Payment made by the assessee as non-compete fee was an allowable revenue expenditure under Section 37(1) of the Act –Supreme Court
In a recent judgment, Hon’ble Supreme Court has held that non-compete fee payment made to essentially keep a potential competitor out of the same business cannot be considered as acquisition of any capital asset or bringing into existence a new profit earning apparatus.
ABCAUS Case Law Citation:
4950 (2025) (12) abcaus.in SC
The core issue for consideration in relevant appeals was whether noncompete fee paid by the assessee is a revenue expenditure or capital expenditure?
The Hon’ble Supreme Court observed that non-compete compensation from the stand point of the payer of such compensation is so paid in anticipation that absence of a competition from the other party may secure a benefit to the party paying the compensation.
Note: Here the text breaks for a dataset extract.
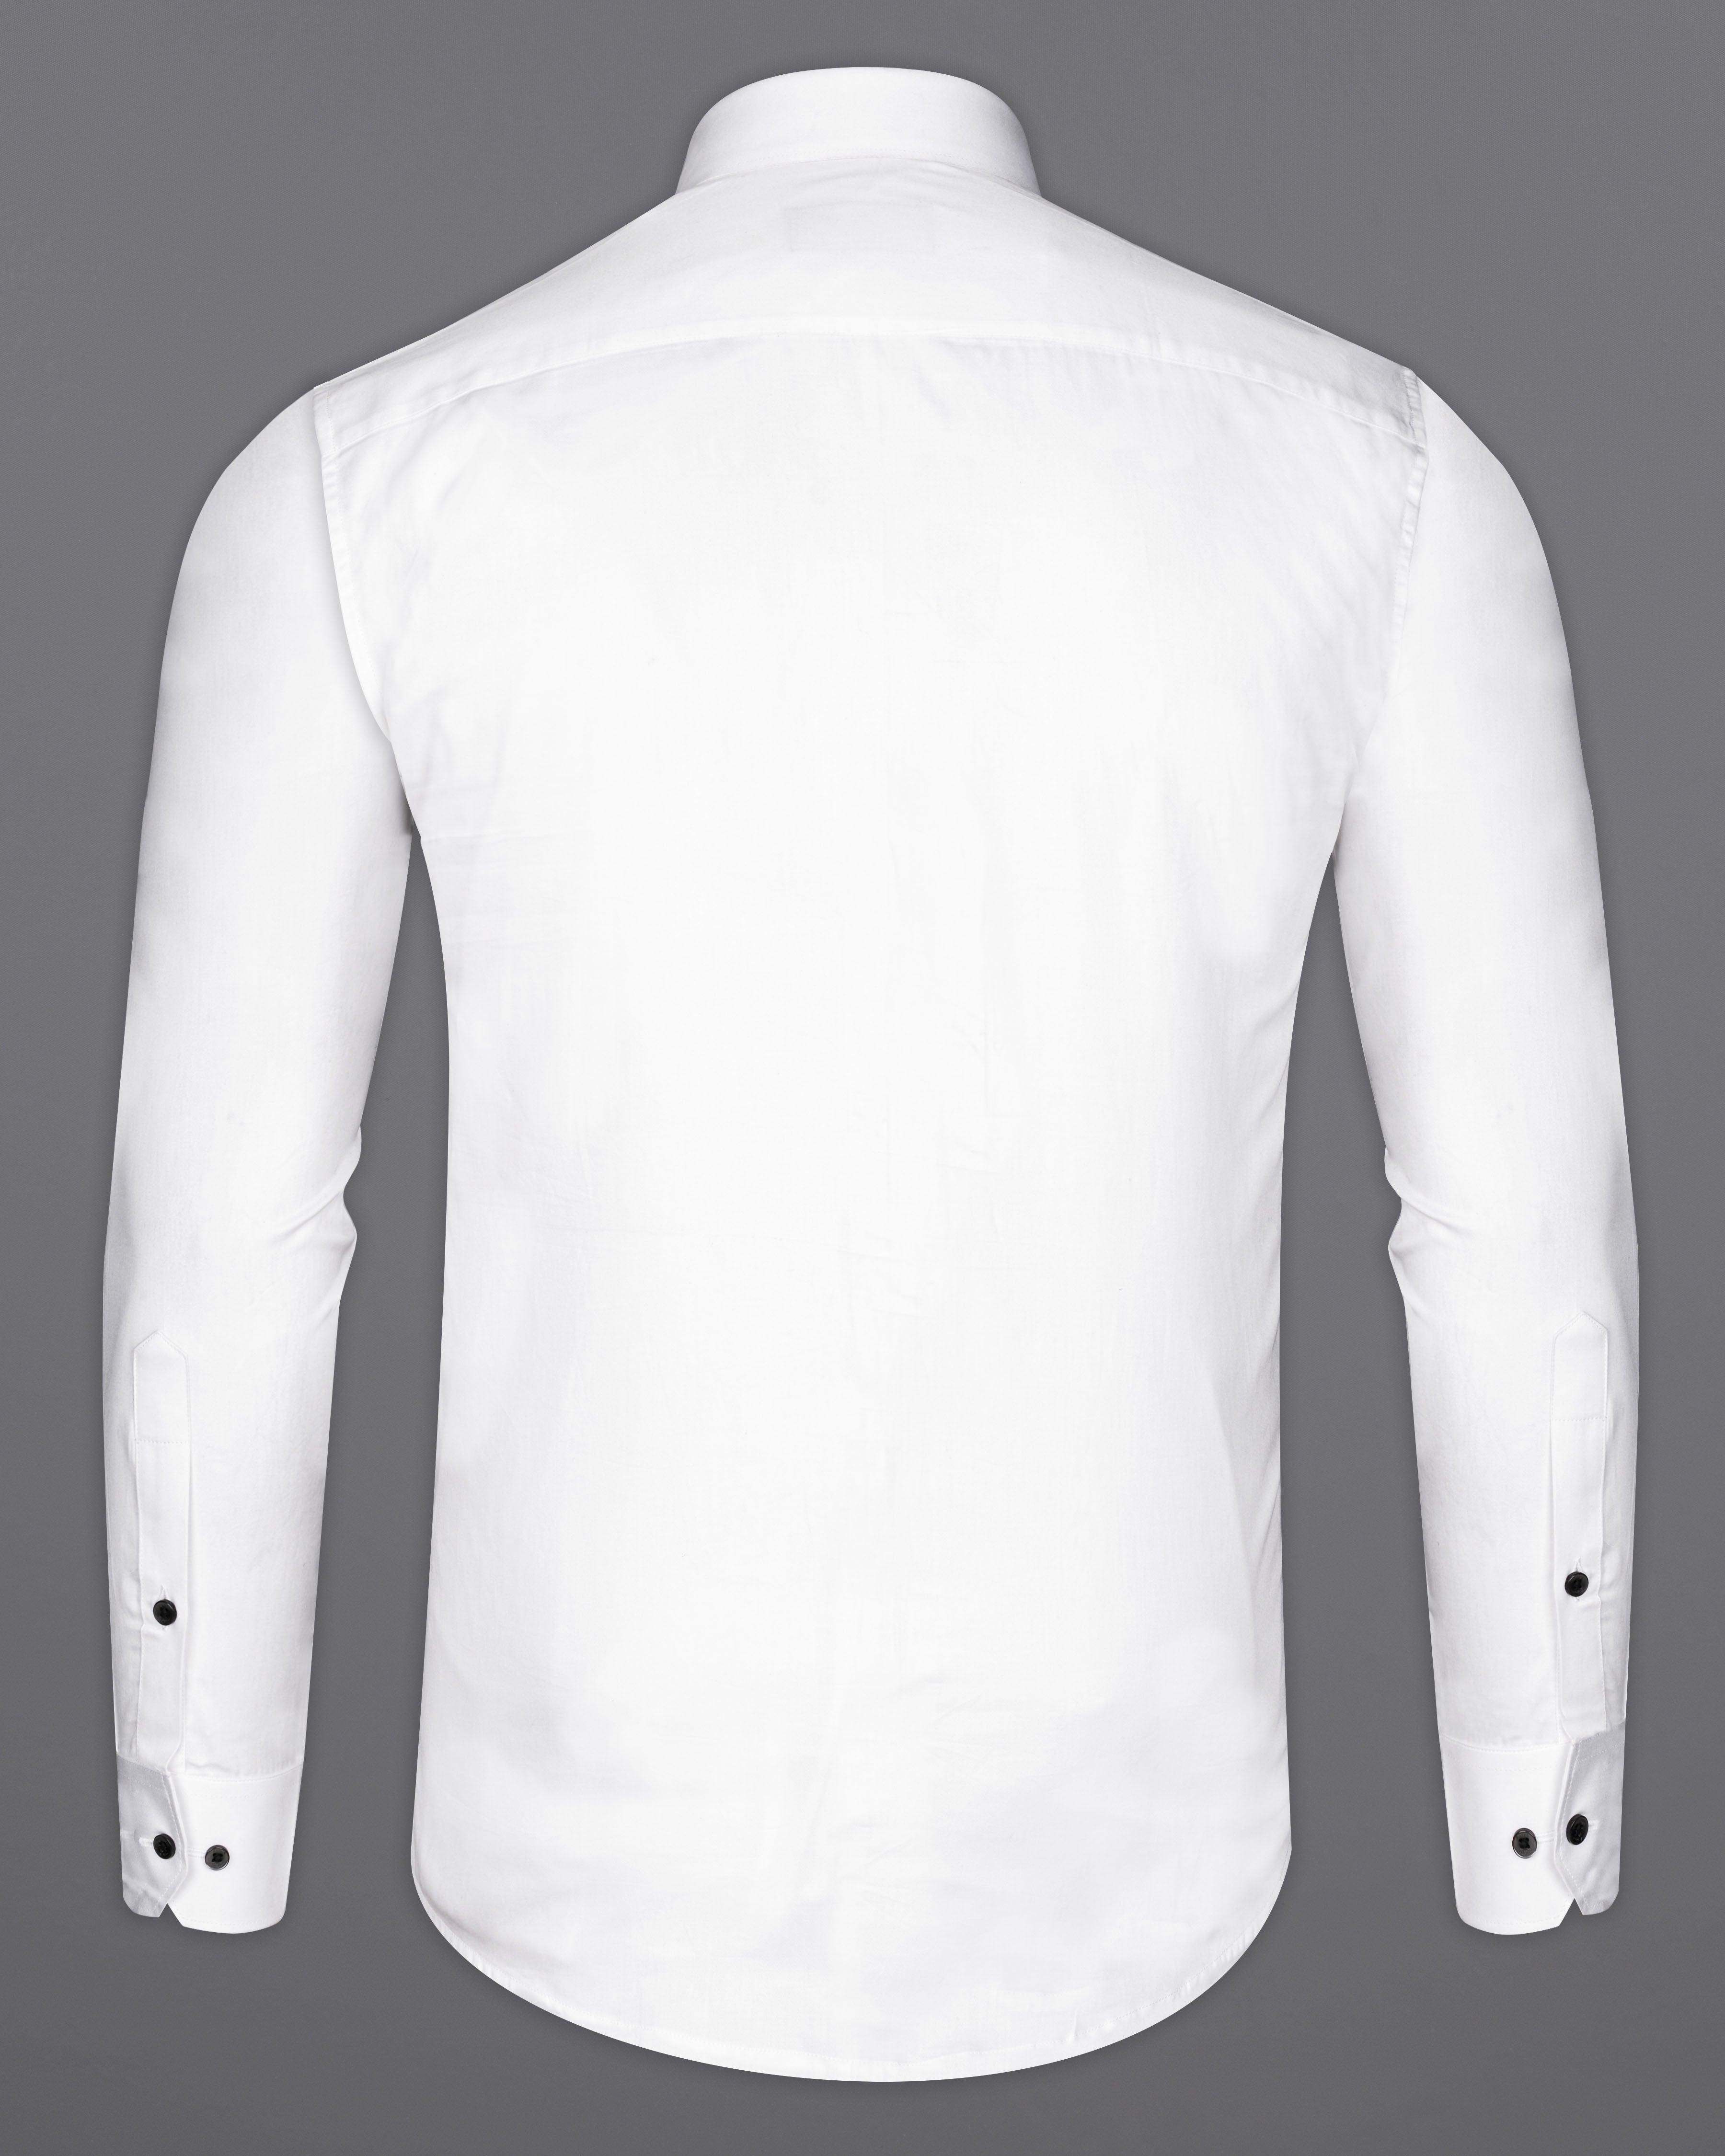 Bright White Subtle Sheen Leaves Hand Embroidered Super Soft Premium Cotton Designer Shirt 1062-BLK-E053-38,1062-BLK-E053-H-38,1062-BLK-E053-39,1062-BLK-E053-H-39,1062-BLK-E053-40,1062-BLK-E053-H-40,1062-BLK-E053-42,1062-BLK-E053-H-42,1062-BLK-E053-44,1062-BLK-E053-H-44,1062-BLK-E053-46,1062-BLK-E053-H-46,1062-BLK-E053-48,1062-BLK-E053-H-48,1062-BLK-E053-50,1062-BLK-E053-H-50,1062-BLK-E053-52,1062-BLK-E053-H-52

However, there is no certainty that such benefit would accrue. Further, notwithstanding such arrangement, the payer assesee may still not achieve the desired result.
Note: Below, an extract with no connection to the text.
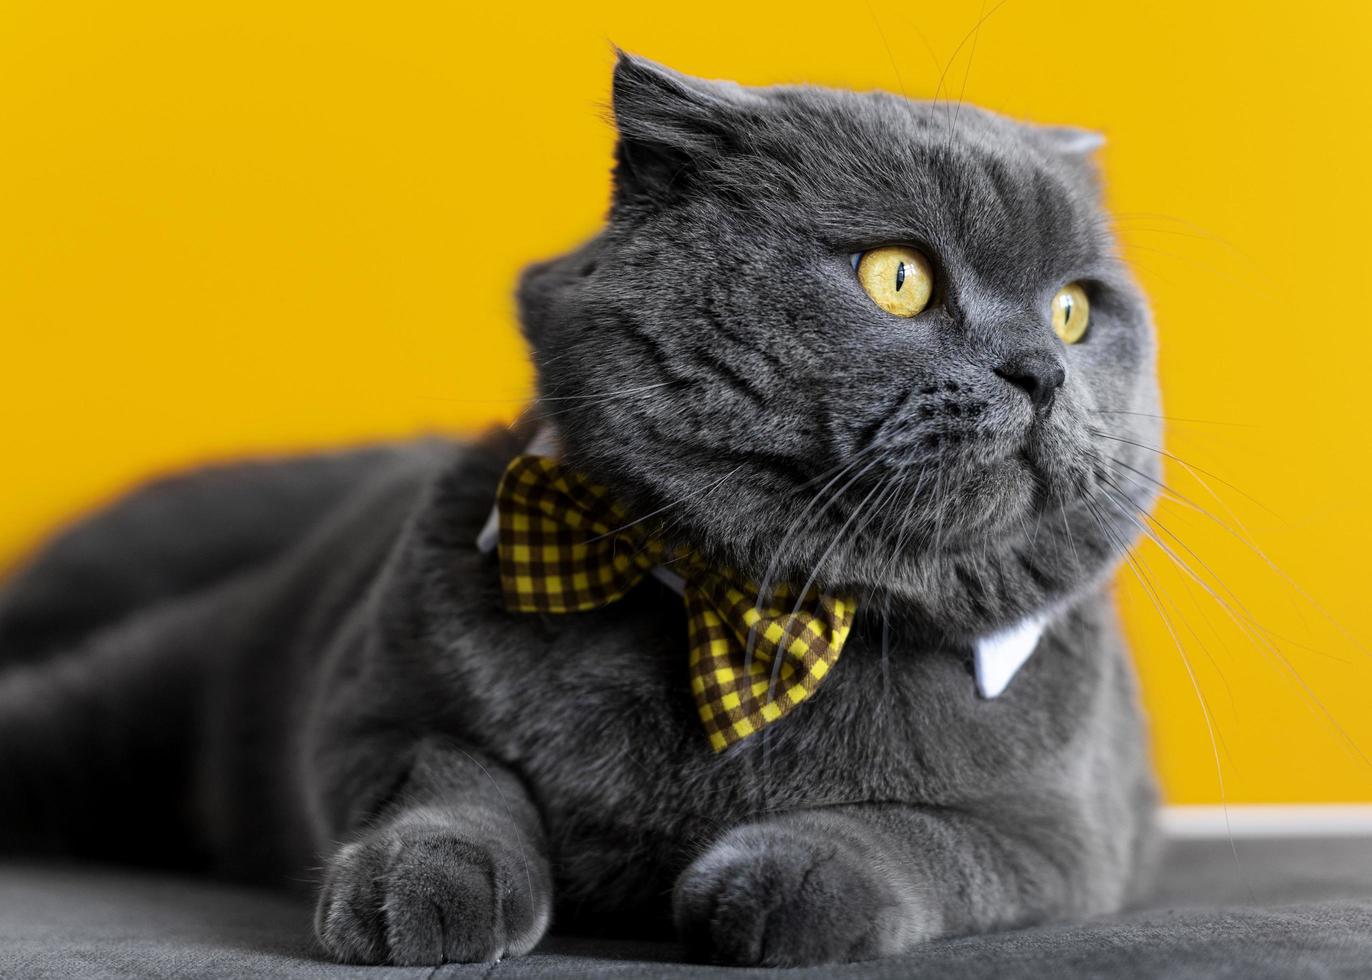 Cute grey cat wearing yellow bowtie photo

The Hon’ble Supreme Court observed that in the present case, on account of payment of non-compete fee, the assessee had not acquired any new business and there is no addition to the profit making apparatus of the assessee. The assets remained the same. Such payment made by the appellant assessee did not create a monopoly of the appellant over the business of the goods. Payment was made only to ensure that the appellant operated the business more efficiently and profitably.
The Hon’ble Supreme Court held that payment made by the appellant assessee as non-compete fee was an allowable revenue expenditure under Section 37(1) of the Act.